Albania was still under the heel of one of the longest and most savage tyrannies of the 20th century, which kept the country totally isolated from the rest of the world. So when they heard this fellow rant about sinister phenomena at the tomb of the feared dictator, the soldiers of the despised unit immediately scrambled away from the table. Whether reckless or sincere, this man represented a potential danger to them, under the constant scrutiny of the regime, so they all wanted to be quick to show they were distancing themselves from him.
This was how Marcel and his army mates learned about the bloodcurdling night-time phenomena, which made even soldiers quake with fear.
Four years after this encounter, in August 1989, Mother Teresa arrived at Tirana airport, met by a top-level commission of dignitaries and by none other than the widow of Enver Hoxha, who took Mother directly to her late husband’s tomb.
This was a great surprise to everyone, since in the course of almost 60 years, Mother Teresa had never been allowed back into her native country, and had always been refused visa requests for her mother and sister to visit her in the West, even for medical purposes.

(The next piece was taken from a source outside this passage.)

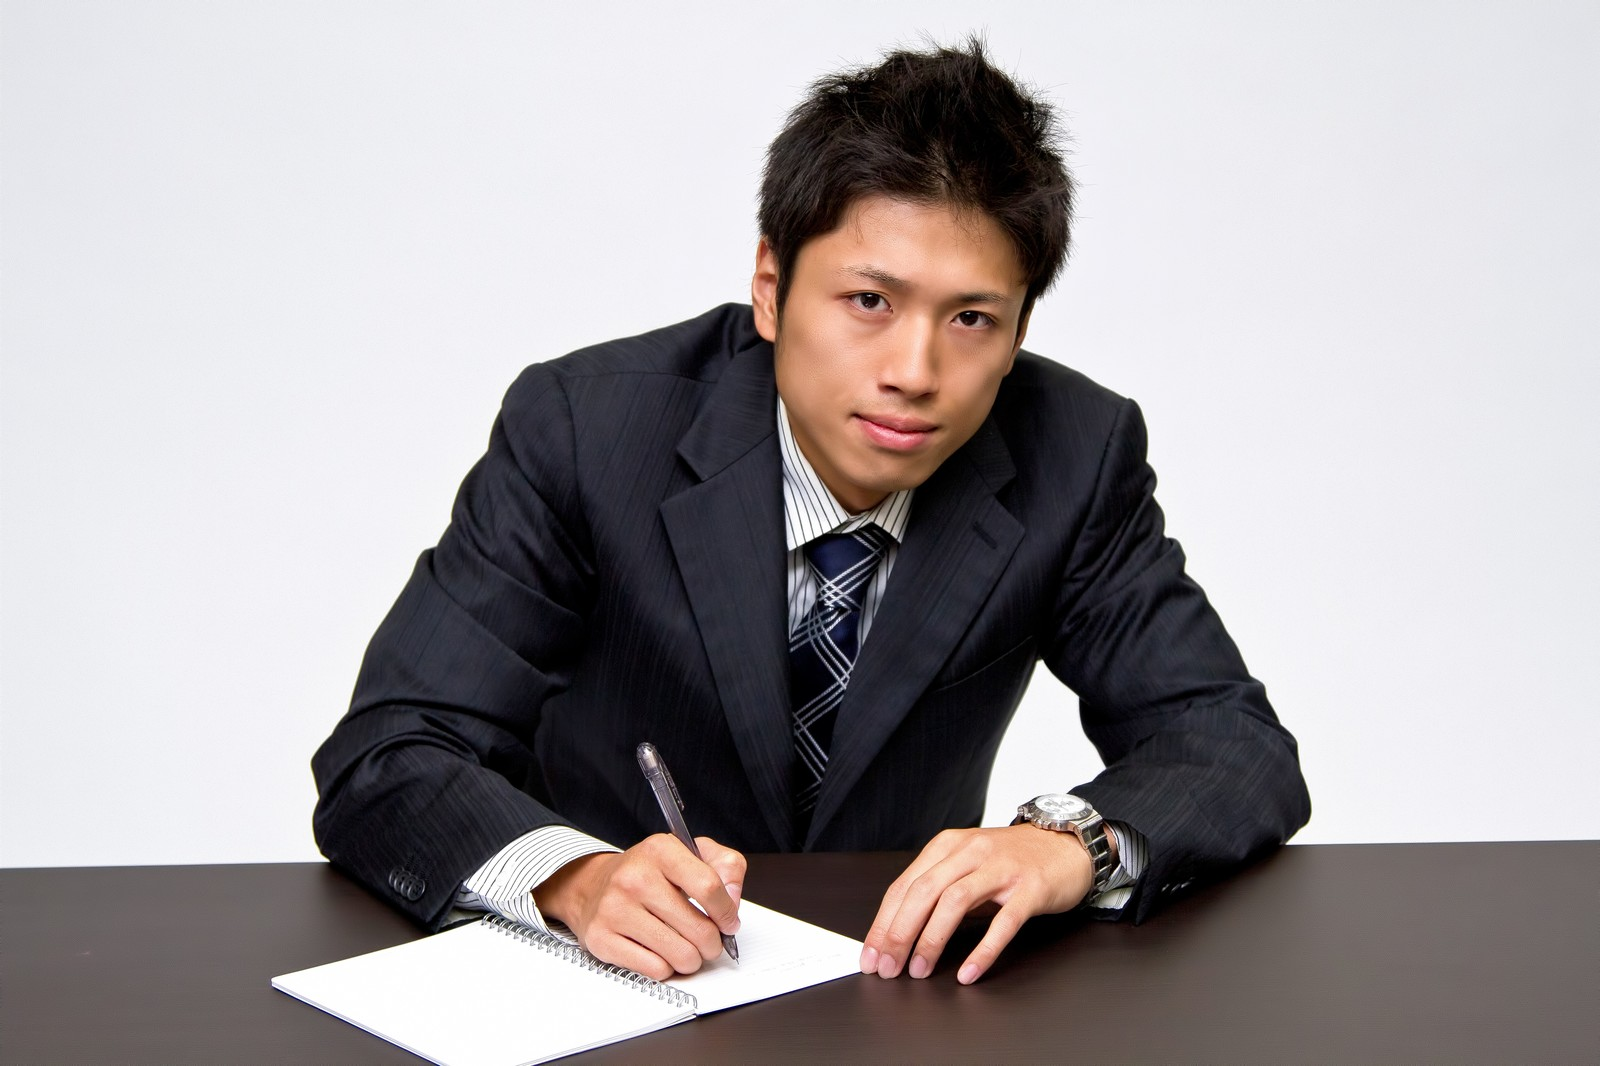 MOK_kyouhei-kijyounohuukei_TP_V.jpg

Not only that, whenever there was something wonderful about her in the media, the state-controlled press carried the news with sarcasm, leveling insults at the saint and generally treating her like an abomination that the nation should be ashamed of.
So when the people, and particularly the faithful Catholics, read in the papers that Mother Teresa was consorting with the regime it a terrible blow: how could she possibly allow herself to be exploited to polish up the memory of the dead dictator?

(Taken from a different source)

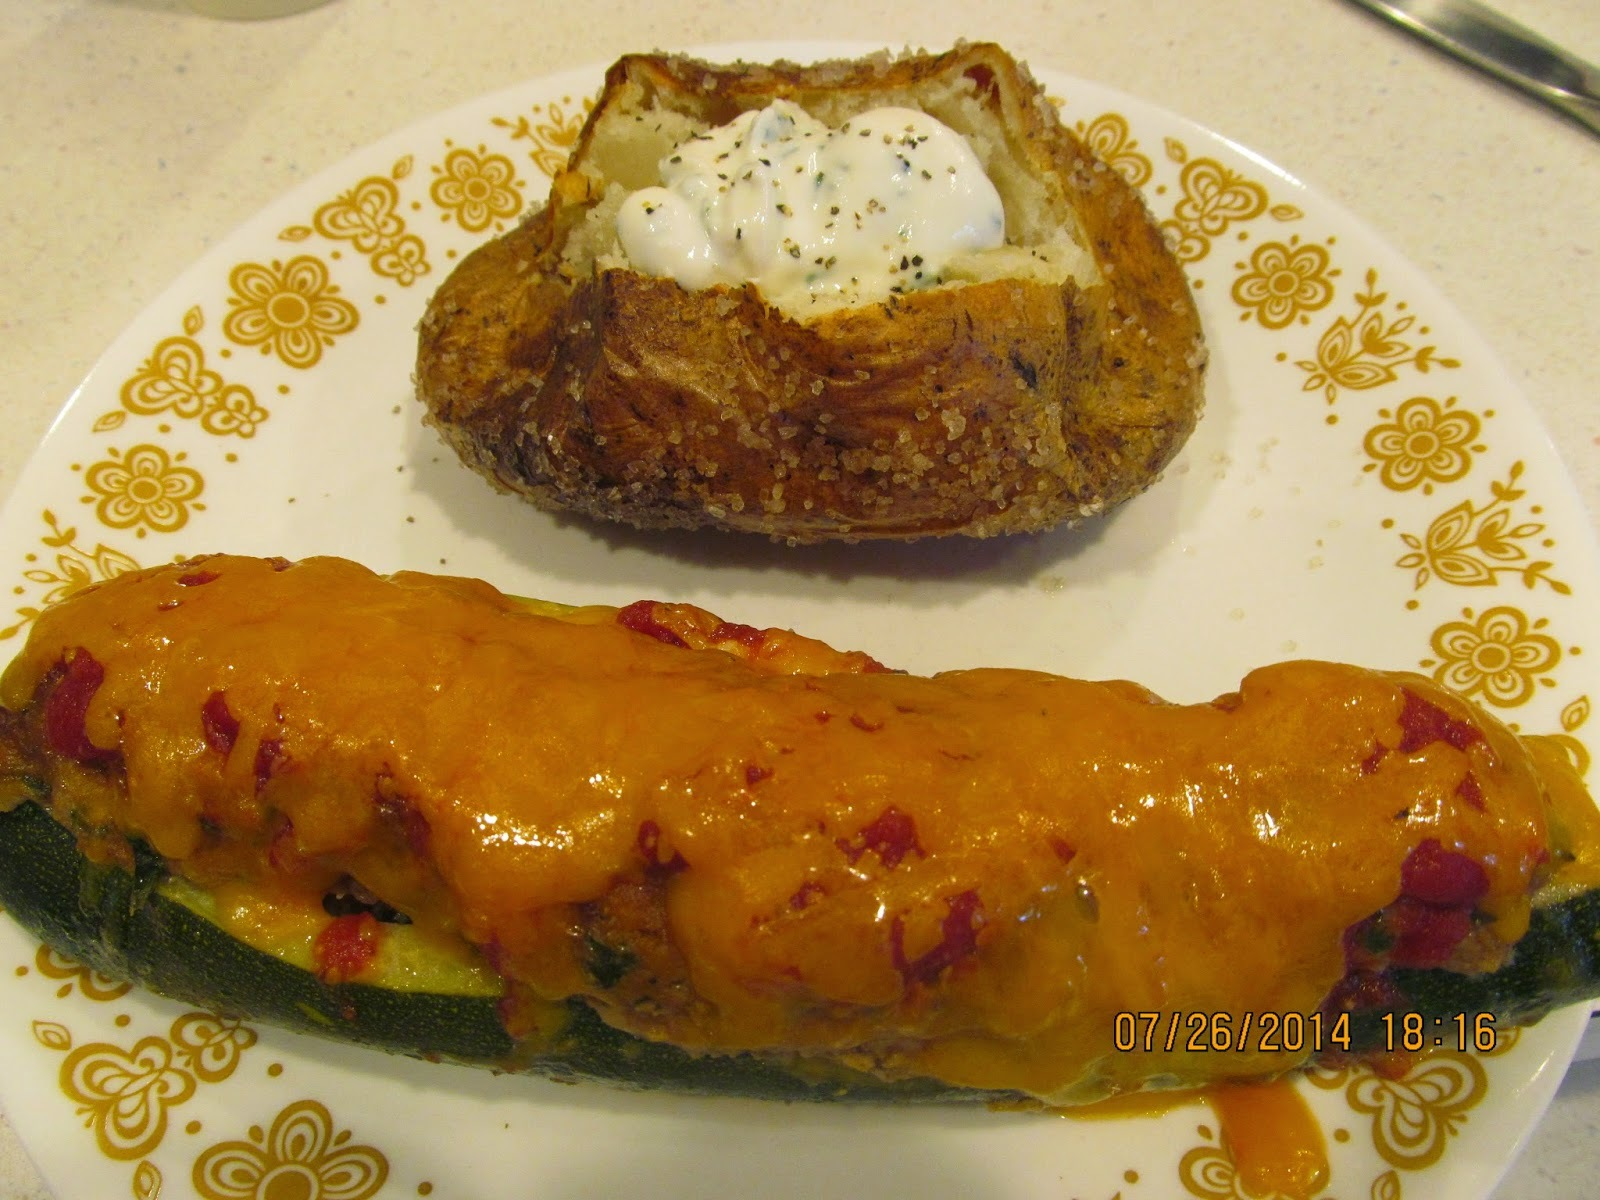 Recipe: Stuffed Zucchini & Restaurant Baked Potatoes*

It was only four years later, in 1993, that Marcel was to hear more of the story, from Dom Gjergji, the priest from Kosovo who had accompanied Mother Teresa on the trip home to Albania. Dom Gjergji told my friend that Mother had been invited to return to her homeland by Nexhmije Hoxha, the widow of the dictator, who hoped that the holy woman’s intercession could get rid of the unearthly phenomena that plagued her husband’s burial spot. The letter asking her to come was taken to her by Ylli Popa, one of the most faithful men of the regime, and Hoxha’s translator.
Immediately after her arrival, Dom Gjergji relates, Mother Teresa was whisked to the tomb, where she remained in prayer for quite a while. After that she was finally allowed to visit the graves of her mother and her sister, who had died in Albania in 1971 and in 1974, respectively, without her having been permitted to see them.
Was Mother Teresa’s prayer of intercession answered? Did the terrifying phenomena around the dictator’s tomb cease? So it seems, Marcel reports: since then there has been peace and quiet, by all accounts.
Subsequently the door of Albania remained open to Mother Teresa; she was even able to establish houses for the Missionaries of Charity there. Apart from the story of supernatural phenomena, her gesture of praying at the tomb of a man whose regime had caused her so much suffering is itself a testament to St. Teresa’s sanctity and capacity to forgive.
(Editor’s note: This essay was originally posted on September 9, 2016.)